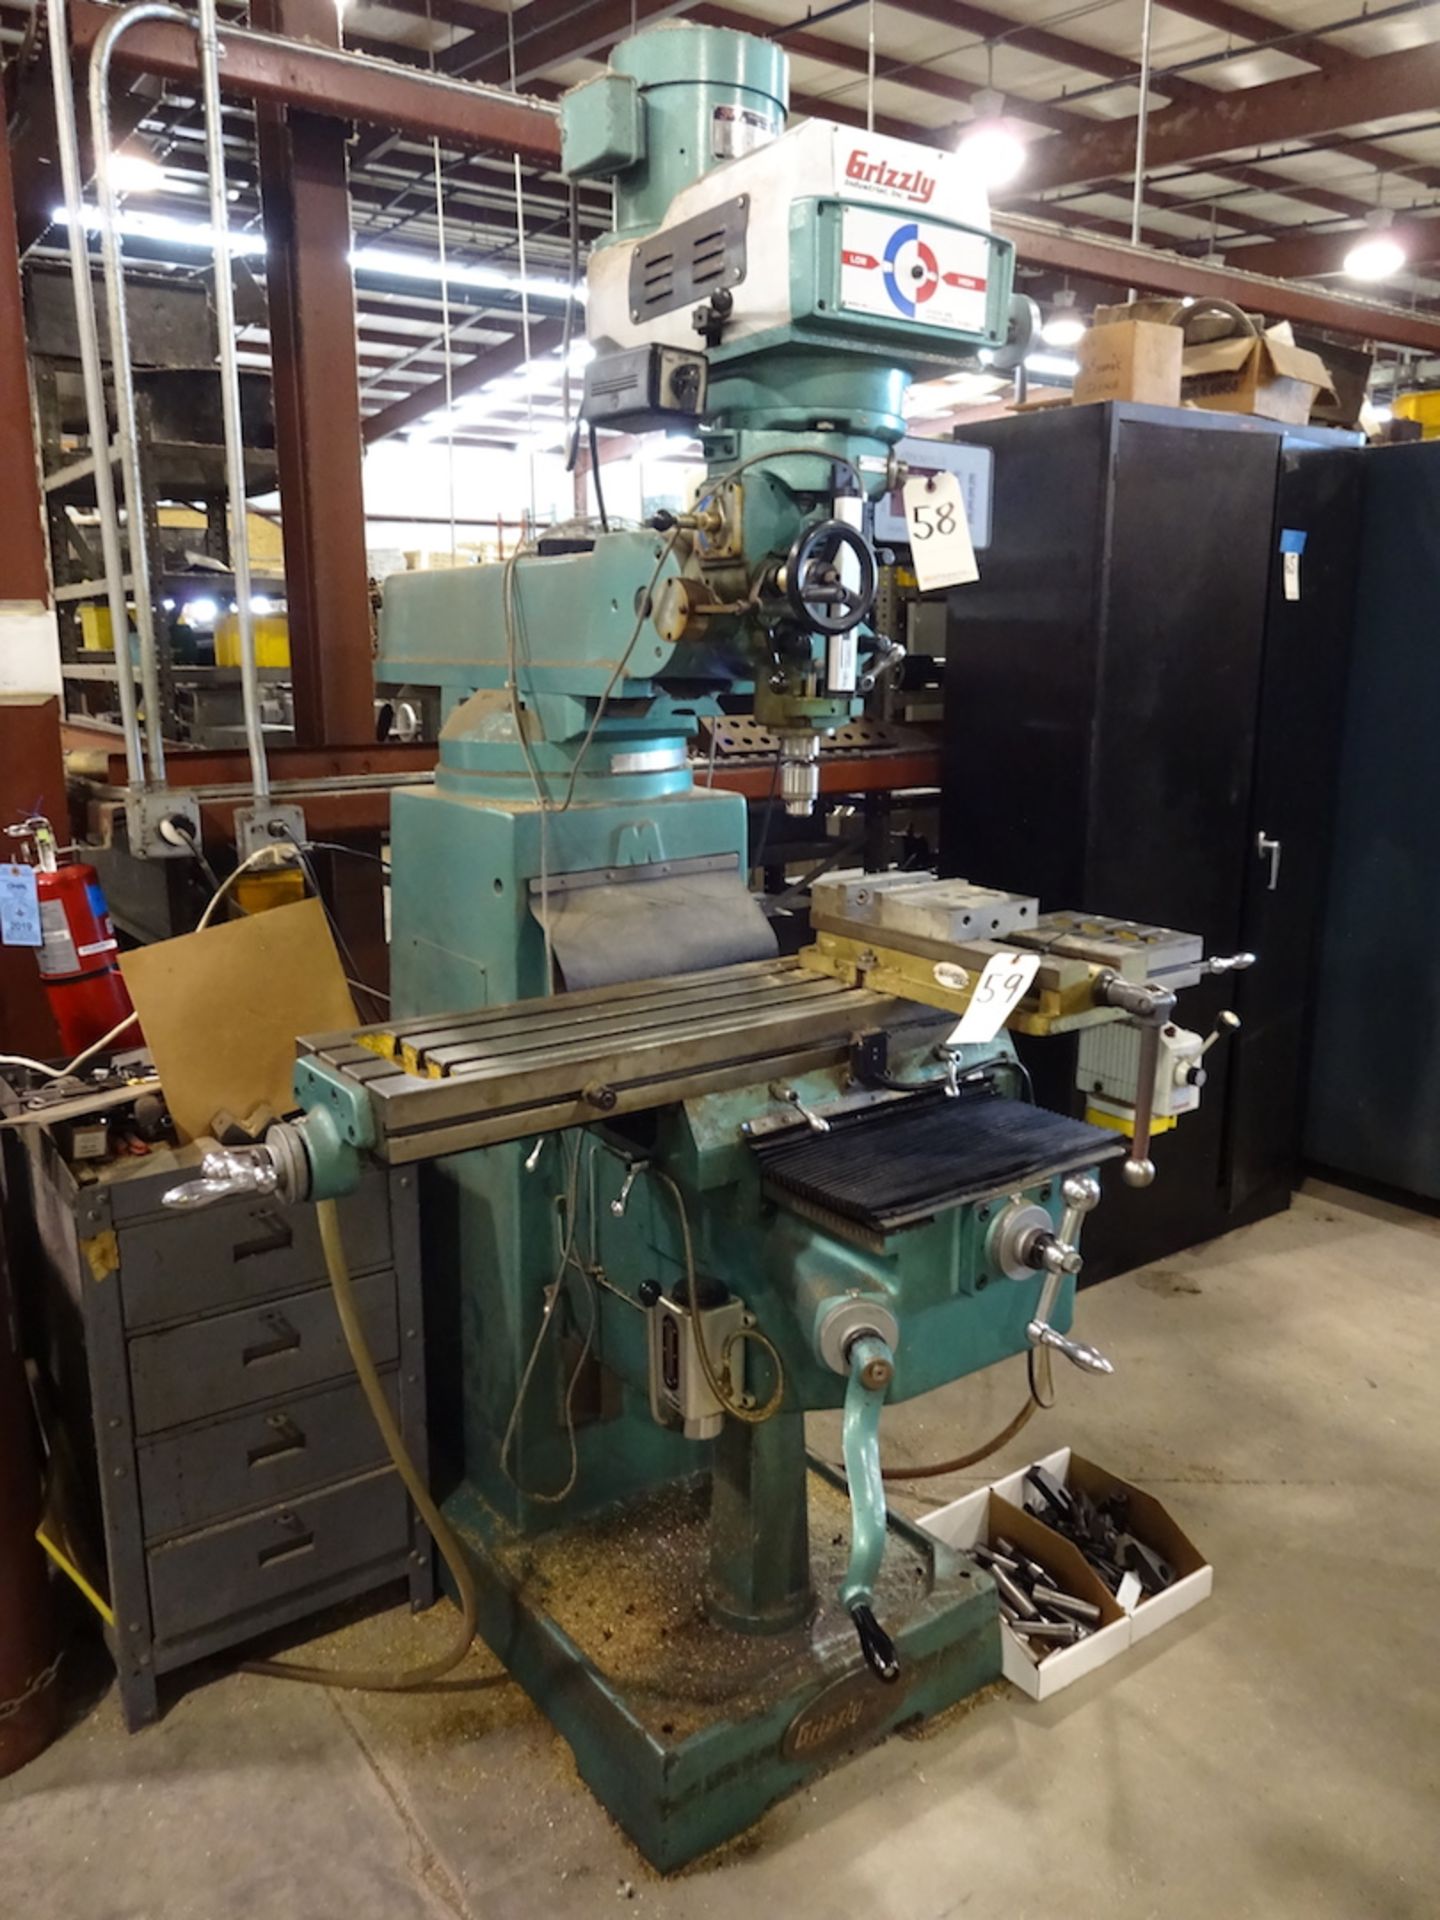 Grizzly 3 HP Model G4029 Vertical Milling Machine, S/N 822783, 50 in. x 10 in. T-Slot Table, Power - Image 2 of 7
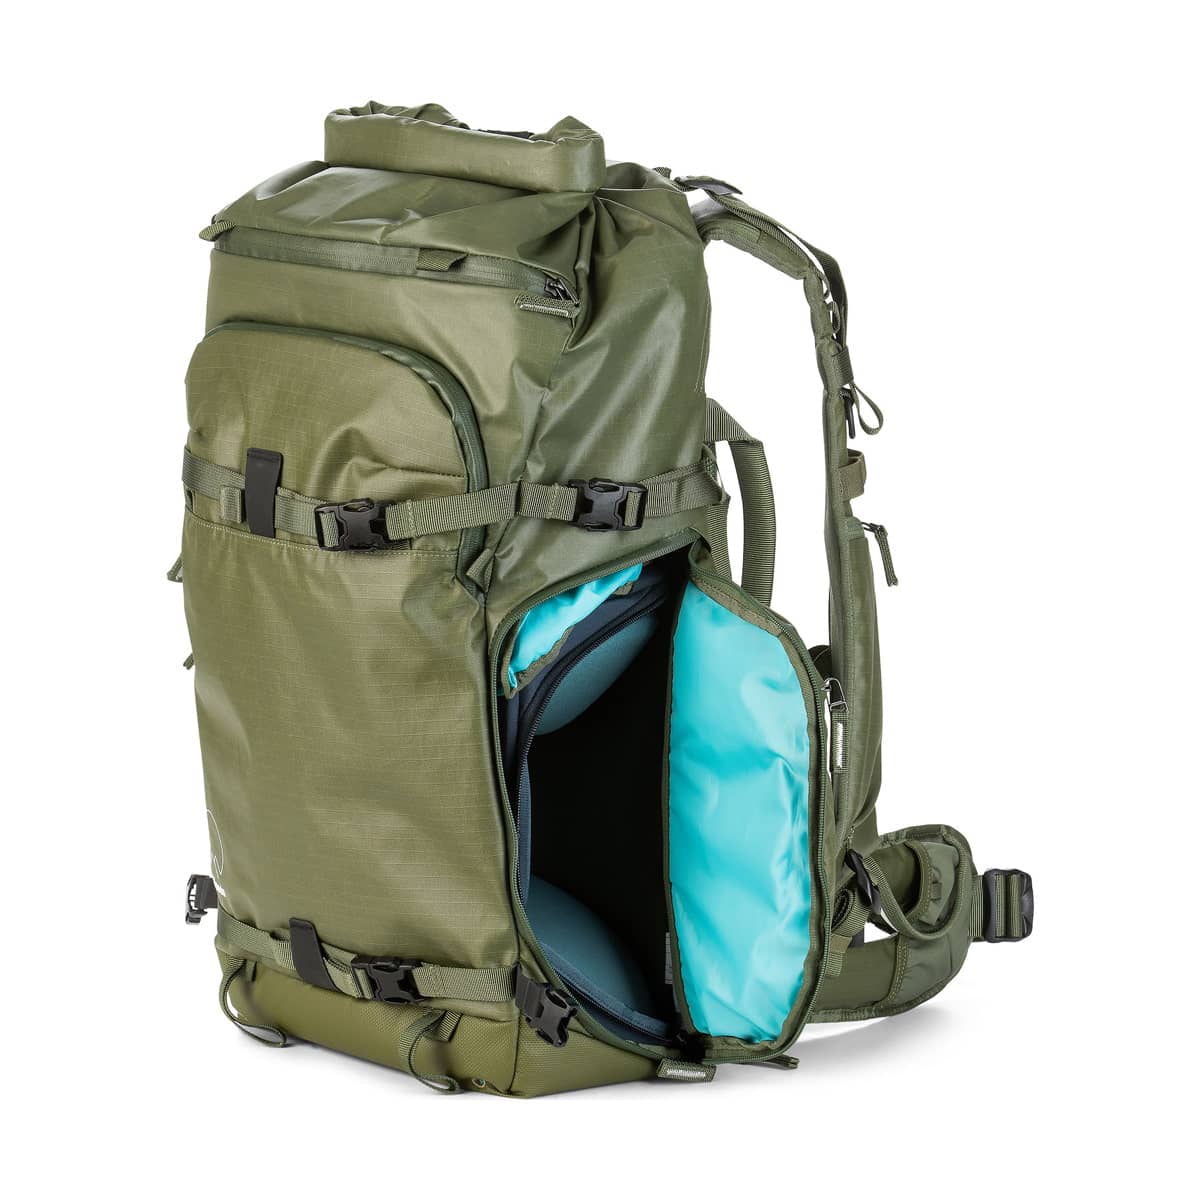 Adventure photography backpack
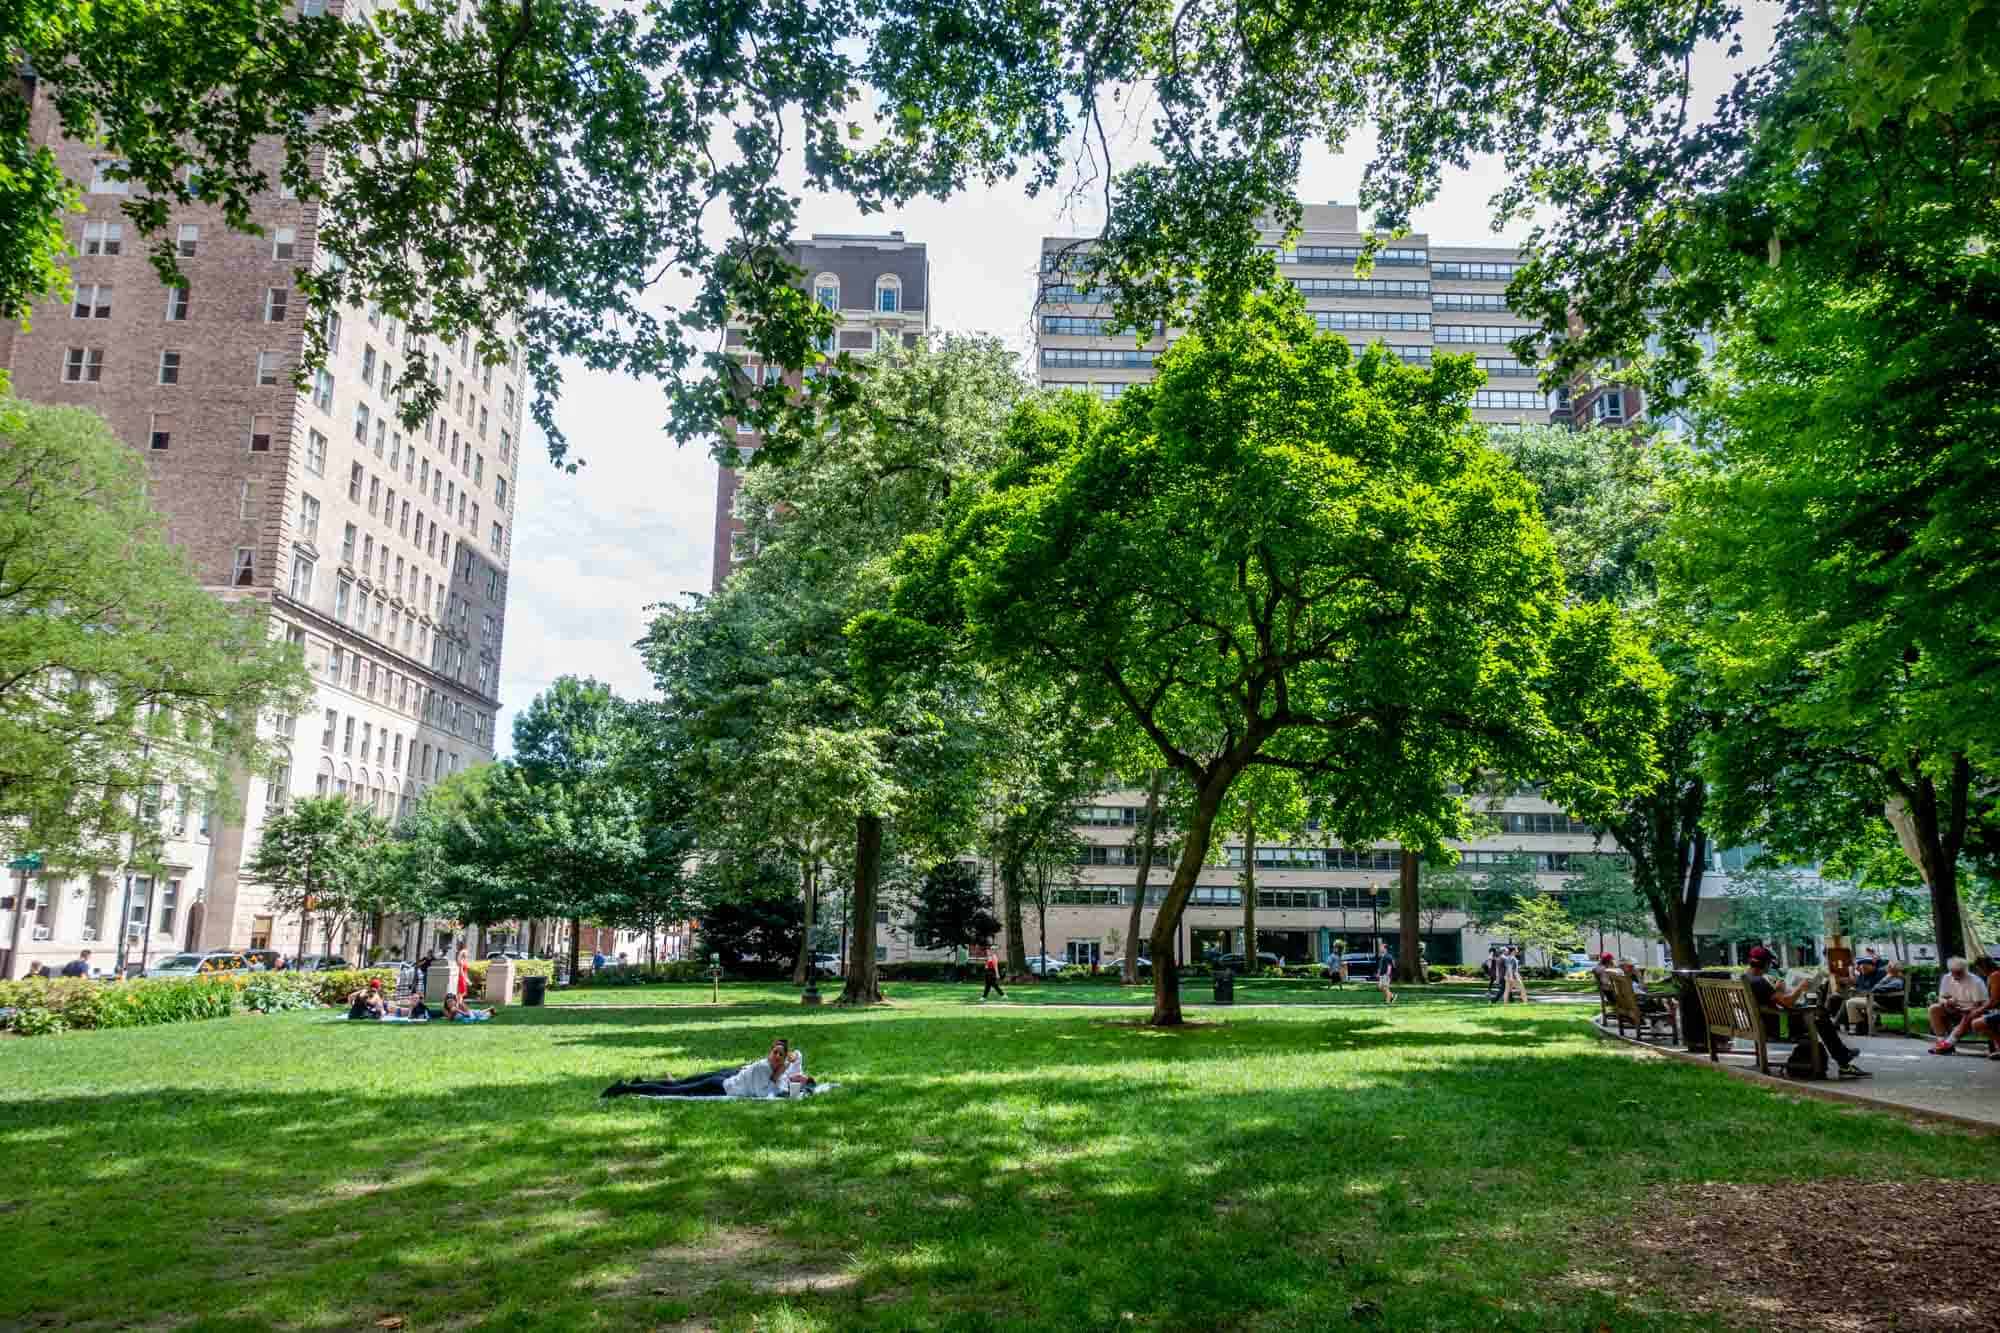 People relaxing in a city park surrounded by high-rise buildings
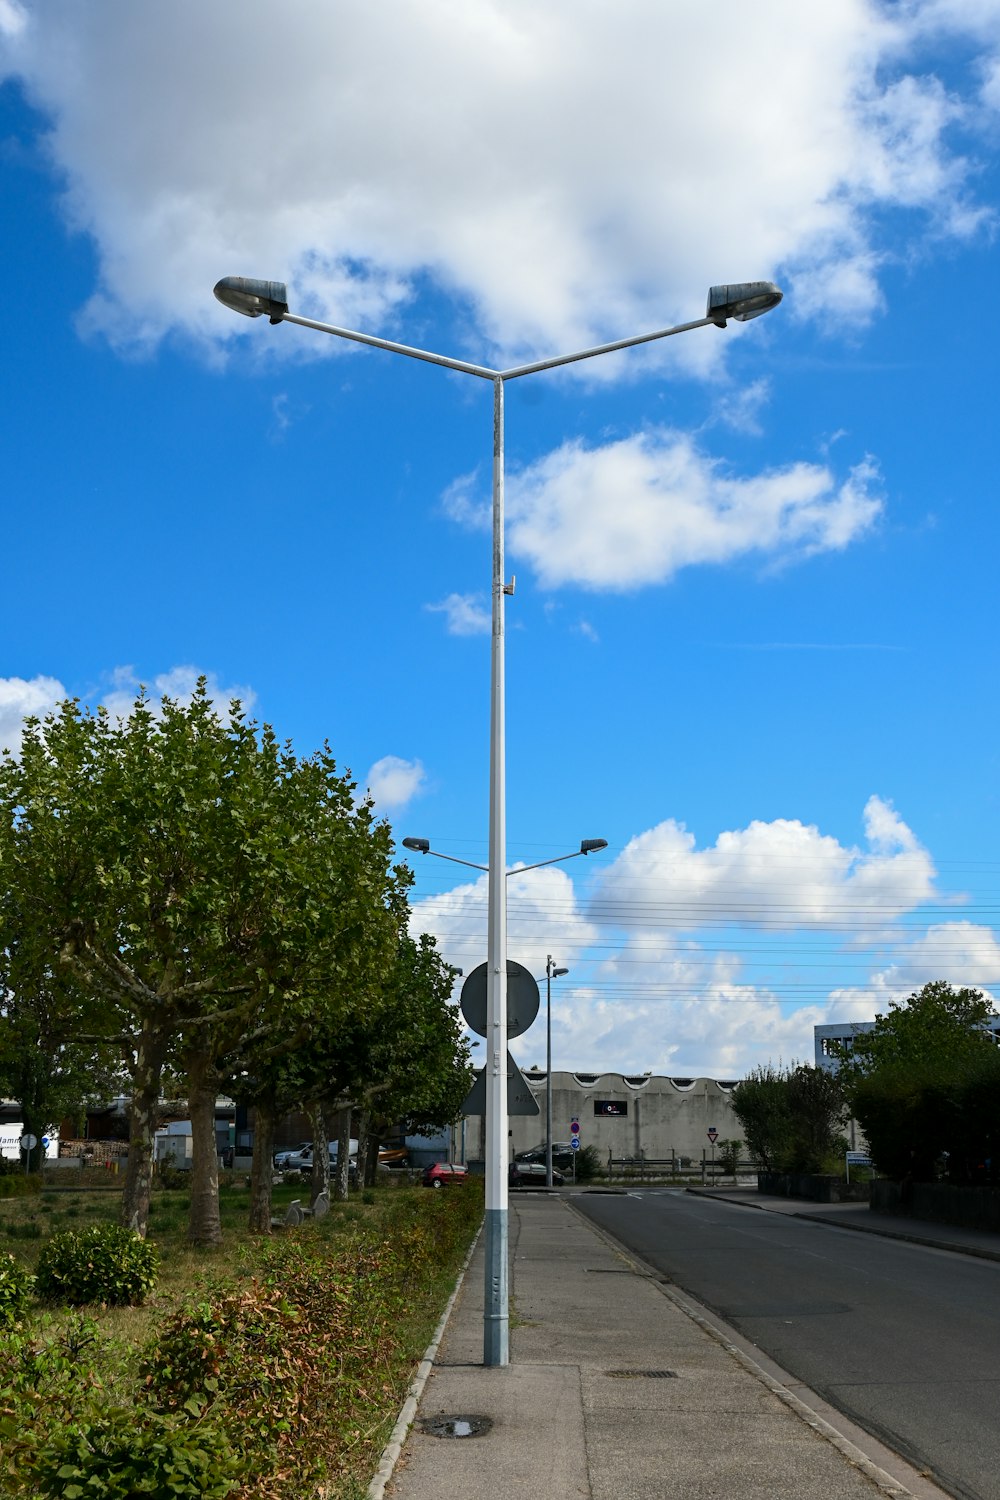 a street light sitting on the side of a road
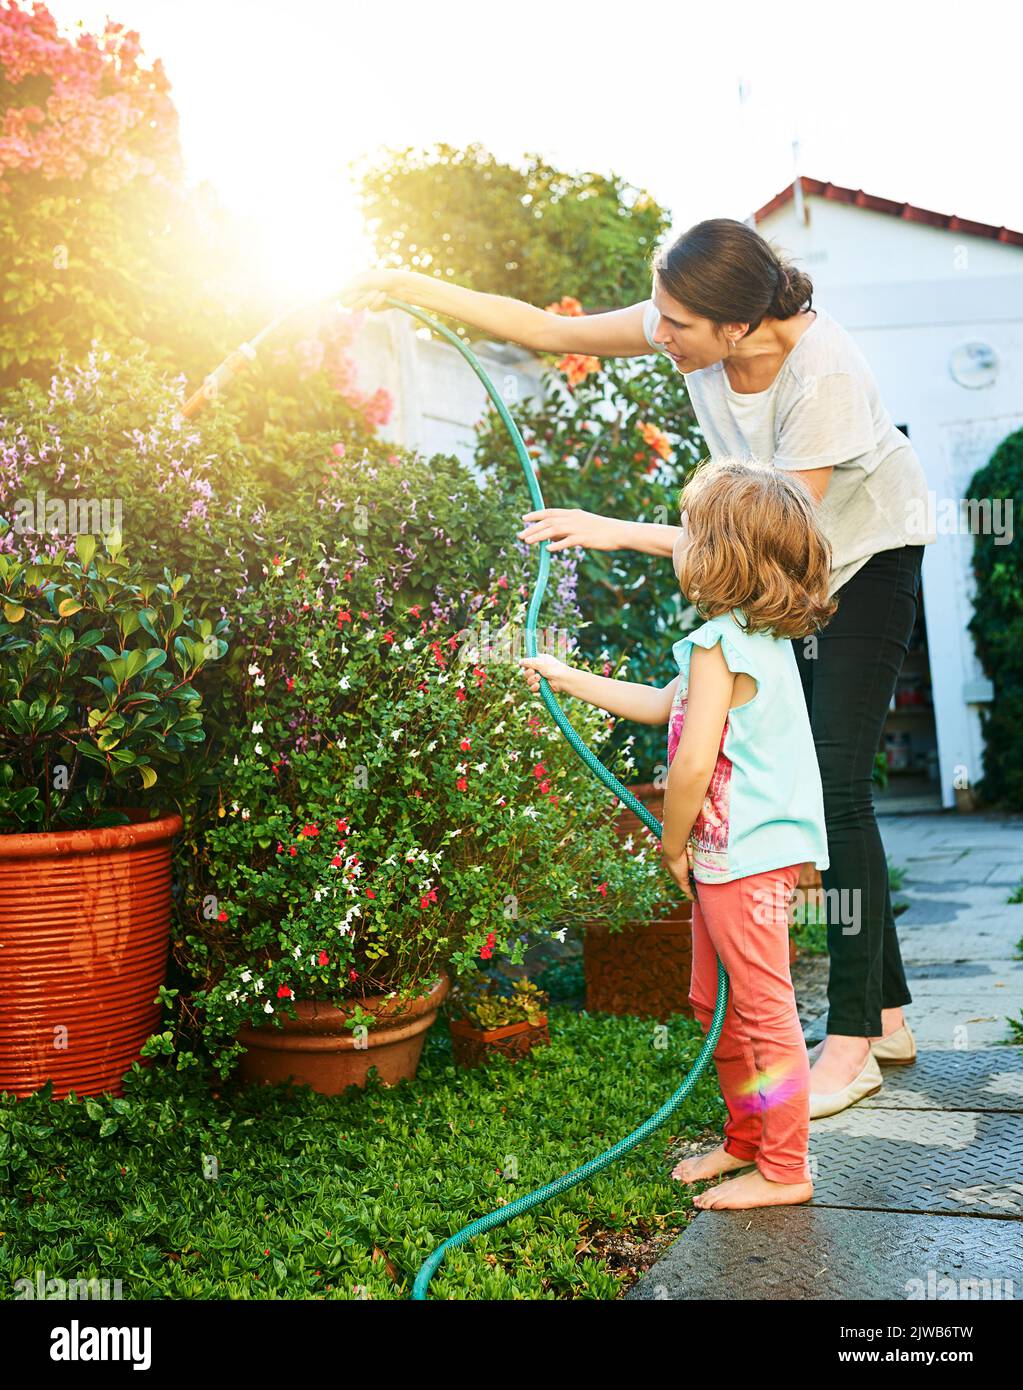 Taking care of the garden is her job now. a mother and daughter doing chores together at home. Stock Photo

About this task -
Exactly the lines running from the one with "Adventure photography backpack" through the end of the listing above must be output, both ends included. No pictures belong in the output.

Solution for this exercise -
 Adventure photography backpack
 People relaxing in a city park surrounded by high-rise buildings
 a street light sitting on the side of a road
 Taking care of the garden is her job now. a mother and daughter doing chores together at home. Stock Photo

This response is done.